Reputation: 23
I have two data frames:
dfA
" ID from to Lith
1 BG1 0 0.5 SED
2 BG1 0.5 0.6 GDI
3 BG1 0.6 2.8 GRN
3 ZH4 0 0.7 GRN
4 ZH4 0.7 3.0 GDI
dfB
" ID from to Weath
1 BG1 0 0.8 HW
2 BG1 0.8 1.5 SW
3 BG1 1.5 2.6 HW
4 ZH4 0 0.3 HW
5 ZH4 0.3 2.6 SW
I want the information from 'Lith' in dfA as a percentage of overlap (from 'to') in dfB. The result should look like this:
dfC
" ID from to Weath GRN GDI SED
1 BG1 0 0.8 HW 0.25 0.125 0.625
2 BG1 0.8 1.5 SW 1 0 0
3 BG1 1.5 2.6 HW 1 0 0
4 ZH4 0 0.3 HW 1 0 0
5 ZH4 0.3 2.6 SW 0.1739 0.8261 0
Note that intervals of dfA do not coincide with those of dfB and that overlaps shall only be checked for same ID. Note also that up to three overlaps in one interval of dfB are possible. Intervals of dfA are always bigger than dfB.
My attempts so far have resulted in dead ends. Splitting the df by ID is not an option since the original amount of data is immense.
Upvotes: 2
Views: 142
Reputation: 92300
Here's a possible foverlaps
solution
library(data.table)
setkey(setDT(dfA), ID, from, to)
setkey(setDT(dfB), ID, from, to)
res <- foverlaps(dfA, dfB)[, overlap := (pmin(to, i.to) - pmax(from, i.from))/(to - from)]
dcast(res, ID + from + to + Weath ~ Lith, value.var = "overlap", fill = 0)
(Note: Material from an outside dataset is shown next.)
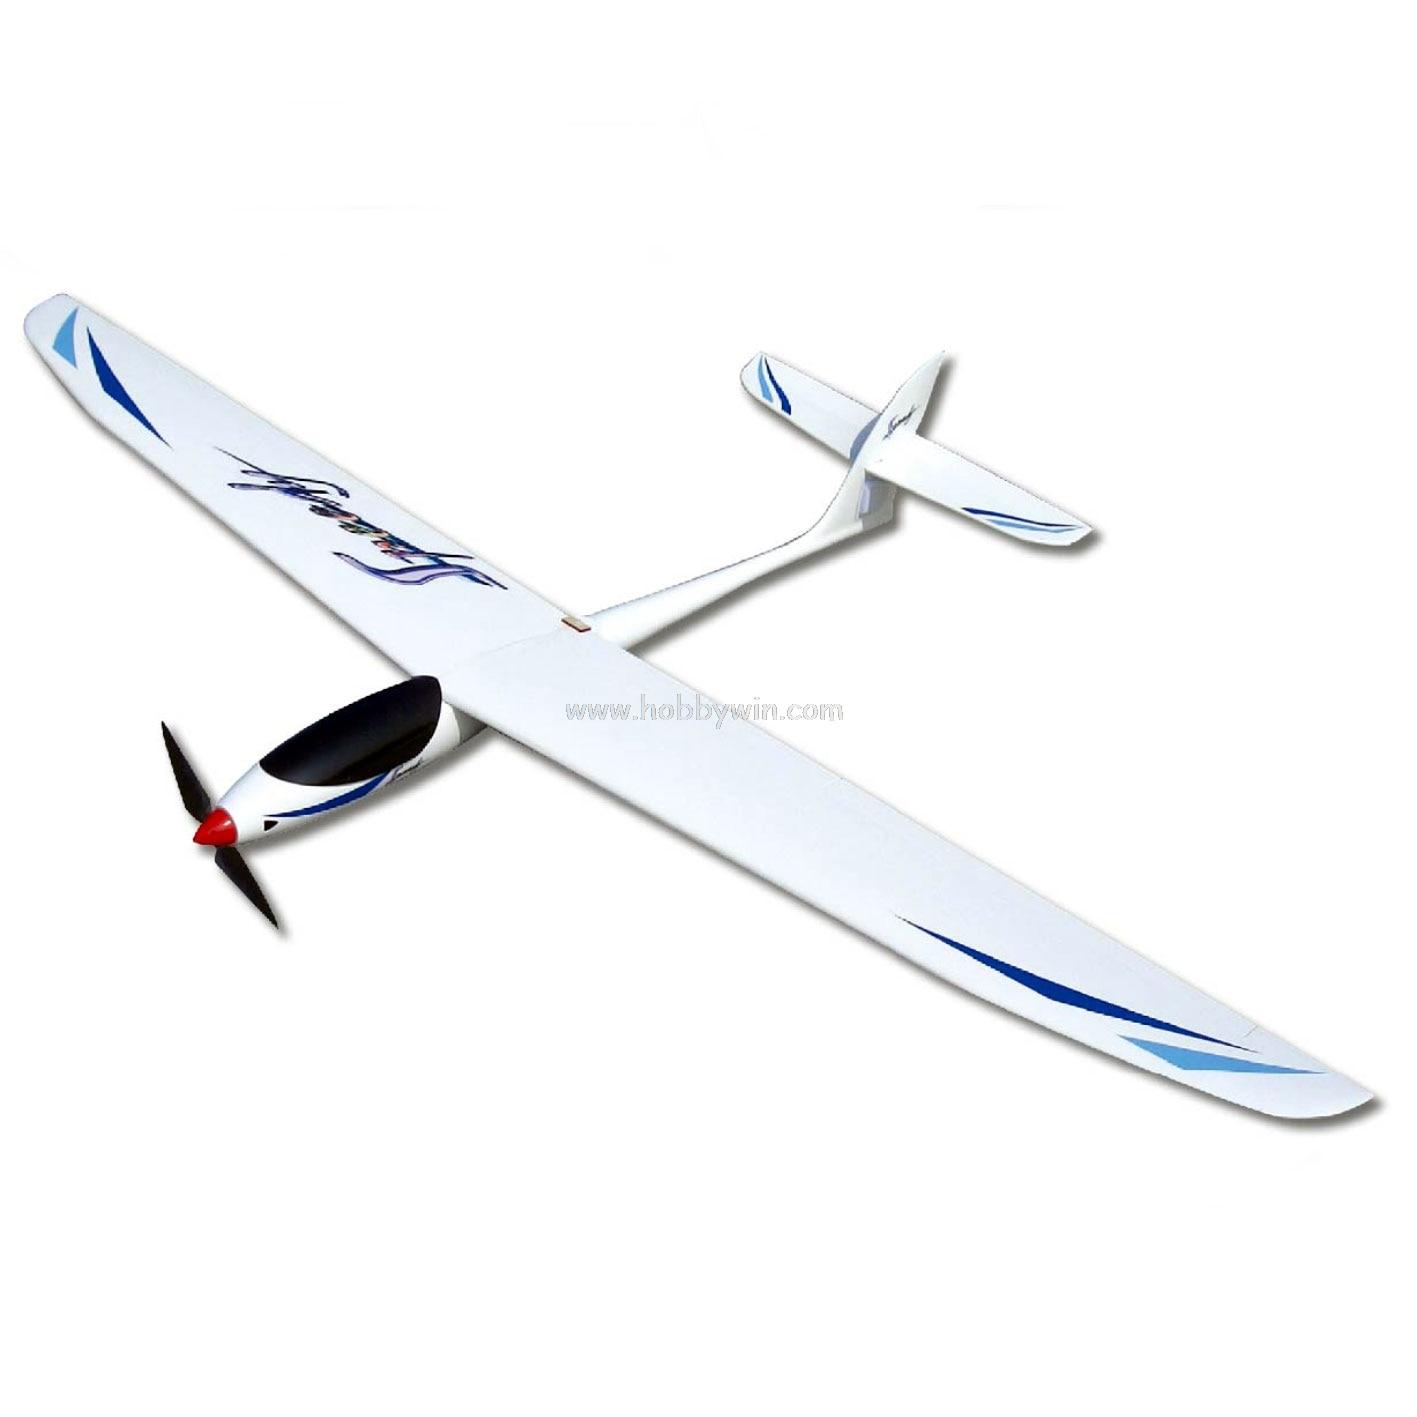 Motor Glider Kit Plans

# ID from to Weath GDI GRN SED
# 1: BG1 0.0 0.8 HW 0.125000 0.250000 0.625
# 2: BG1 0.8 1.5 SW 0.000000 1.000000 0.000
# 3: BG1 1.5 2.6 HW 0.000000 1.000000 0.000
# 4: ZH4 0.0 0.3 HW 0.000000 1.000000 0.000
# 5: ZH4 0.3 2.6 SW 0.826087 0.173913 0.000
key
by ID
and the intervals (nessacery in order for foverlpas
to know on which column to operate)foverlaps
function in order to identify overlapsoverlap
variable according to your rulesdcast
the result according to the columns of interest Upvotes: 3
Reputation: 26446
Merge the tables, perform your overlap function, reshape as desired.
library(reshape2)
m<-merge(dfB,dfA,by="ID",suffixes=c("",".y"))
overlap<-function(L1,R1,L2,R2) pmax(0,pmin(R1,R2)-pmax(L1,L2))
m$value<-overlap(m$from,m$to,m$from.y,m$to.y)/(m$to-m$from)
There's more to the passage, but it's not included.